Светлый фон

В «Мирской Книге Бытия» (1902) Вивьен обращается непосредственно к стилю и композиции библейского текста, и здесь мы видим инверсию и прямой подрыв собственно Книги Бытия. Однако, как это часто случалось с декадентскими инверсиями, в поэзии Вивьен часто овеществлялись расхожие клише, которые обычно ассоциировались с понятием женского: нежность, луна, ночь, колдовство и так далее. Поскольку она сама высоко ценила и даже ставила на первое место подобные особенности и явления, то можно сказать, что это присвоение было довольно логичным ответом на женоненавистнические стереотипы. Большинство сегодняшних феминисток предпочли бы полностью деконструировать подобные понятия, однако Вивьен выбрала другой путь. Не идет здесь речь и о стратегическом эссенциализме (если воспользоваться термином Гаятри Спивак). По мысли Спивак, феминистки могут в ограниченном контексте перенимать эссенциалистские понятия, полностью сознавая их искусственность, — чтобы использовать их в чисто инструментальных целях[1751]. Вивьен же, напротив, считала, что в самом деле существуют универсальные женственные черты. Как мы уже видели, в силу своей приверженности декадентству она с восторгом принимала представления о лесбийском сексуальном меньшинстве как «демоническом» по природе. Вивьен прочла «Мефистофелу» Мендеса и впоследствии признавалась, что этот роман открыл ей глаза. Ее понятия о гиноцентричном сапфическом сатанизме восходят, скорее всего, к тому же источнику. Роман Мендеса повлиял на нее в такой степени, что она сформулировала целую поэтическую космологию, в которой Бог и христианство отвергались — как продолжение патриархальности.
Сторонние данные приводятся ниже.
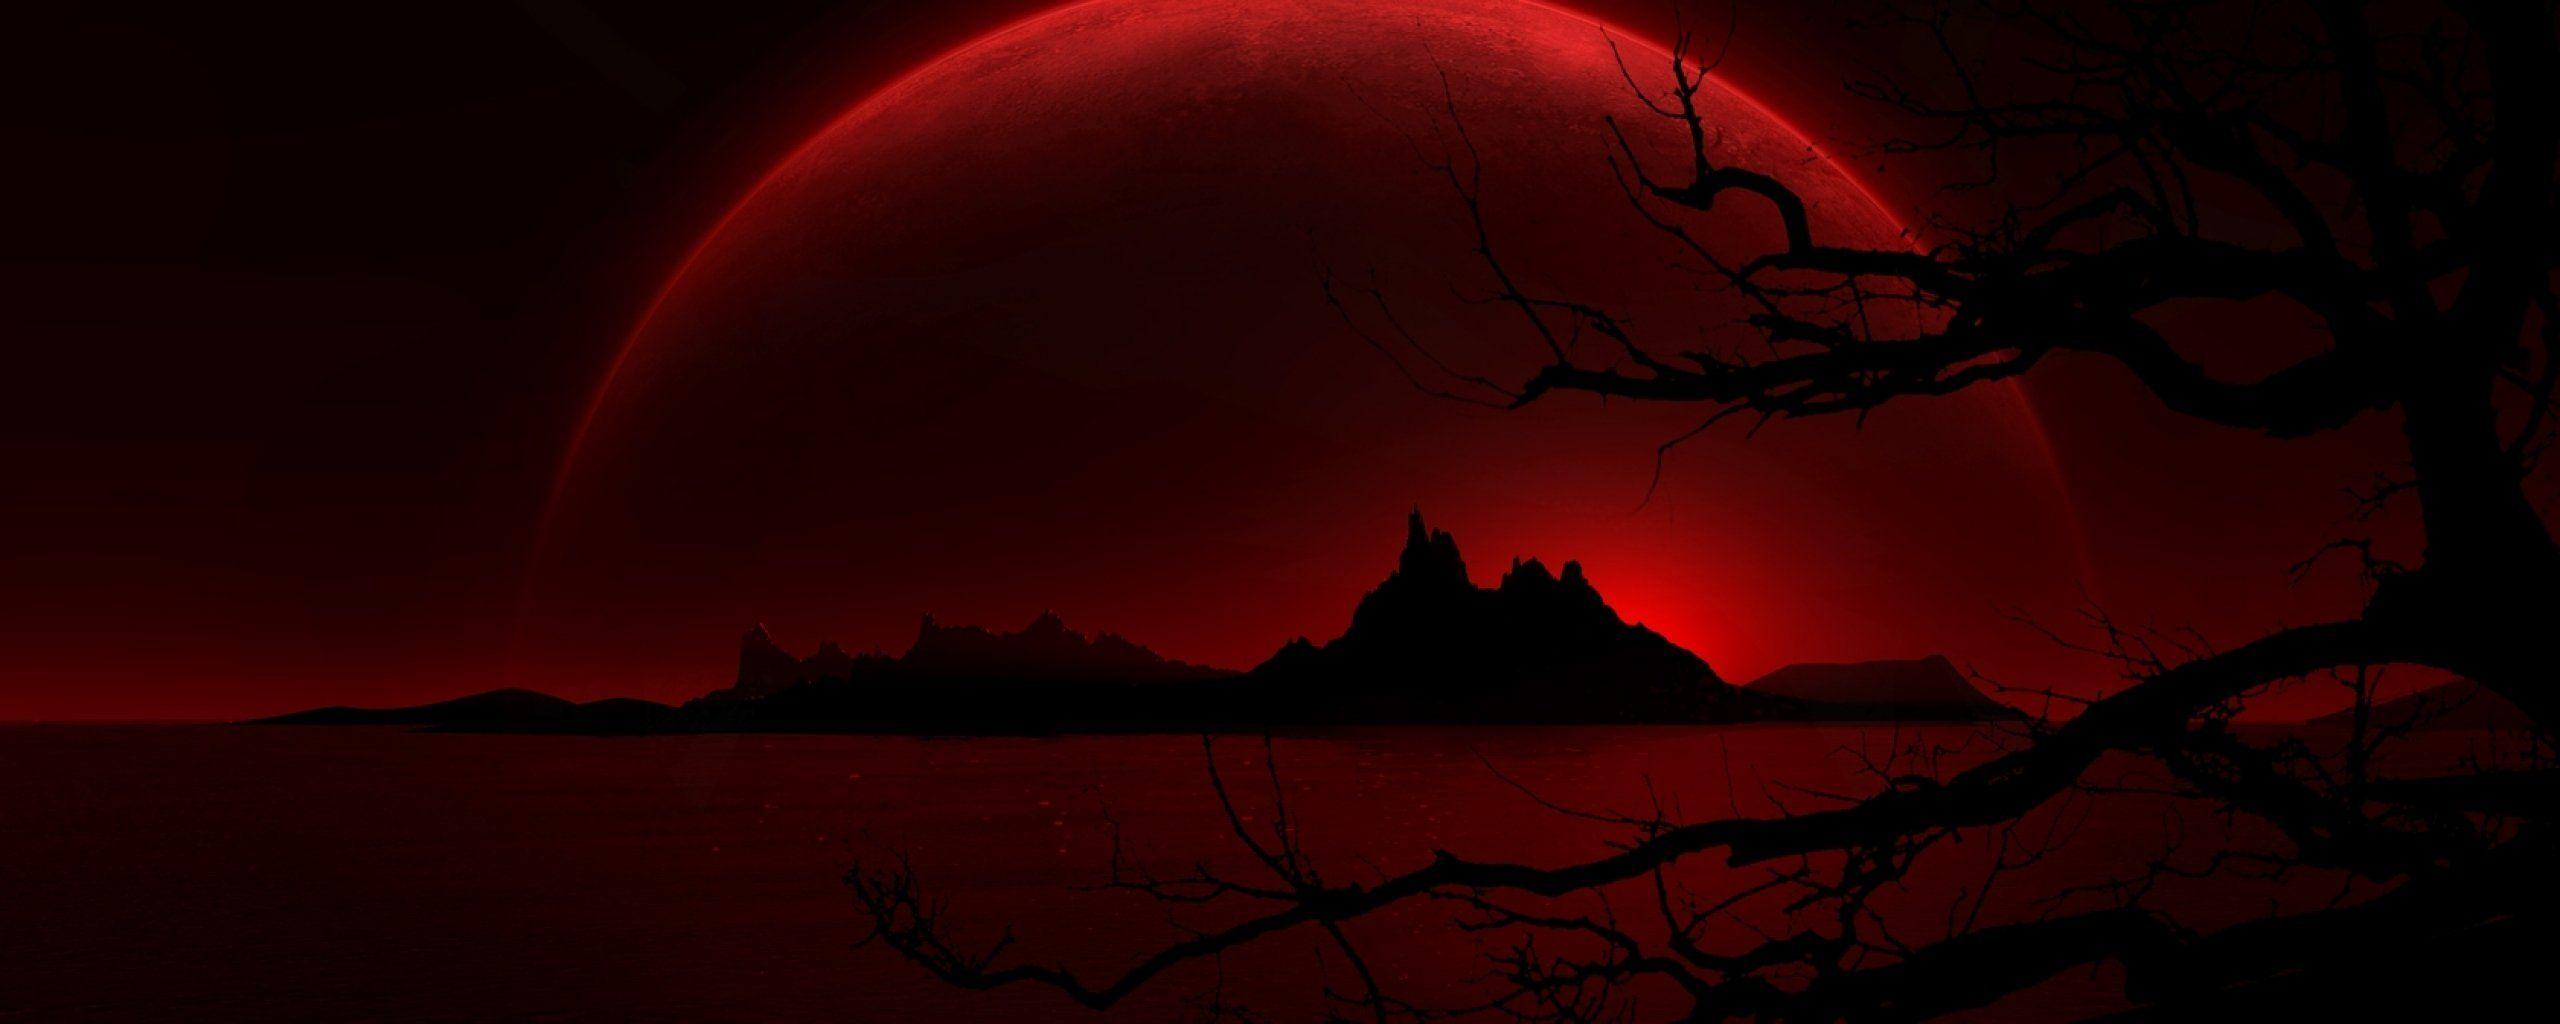 Red Dual Screen Wallpapers - Top Free Red Dual Screen Backgrounds

В текстах Вивьен много раз находили выражение отчетливо феминистические идеи. Например, в своем единственном романе устами героини, которая является ее альтер эго, она возмущается угнетением женщин и называет мужчин политическими врагами. Тем не менее сама она никогда не участвовала ни в какой политической борьбе (не считая писательской деятельности), и такие проблемы, как женское избирательное право, похоже, никогда не волновали ее. Несомненно, это было связано с ее аристократским элитизмом, выливавшимся в безразличие к положению менее богатых и утонченных женщин. Богатая и эрудированная декадентская поэтесса превратила свою отчужденность в некий почетный знак и потому сделала феминизированного Сатану одной из эмблем своего феминистического и беззастенчиво мужененавистнического мировоззрения. Этот мрачный символ, надо полагать, служил очередным способом продемонстрировать полное неприятие грубых людских масс, в особенности мужчин, а также отказ от патриархального христианства с его таинством брака.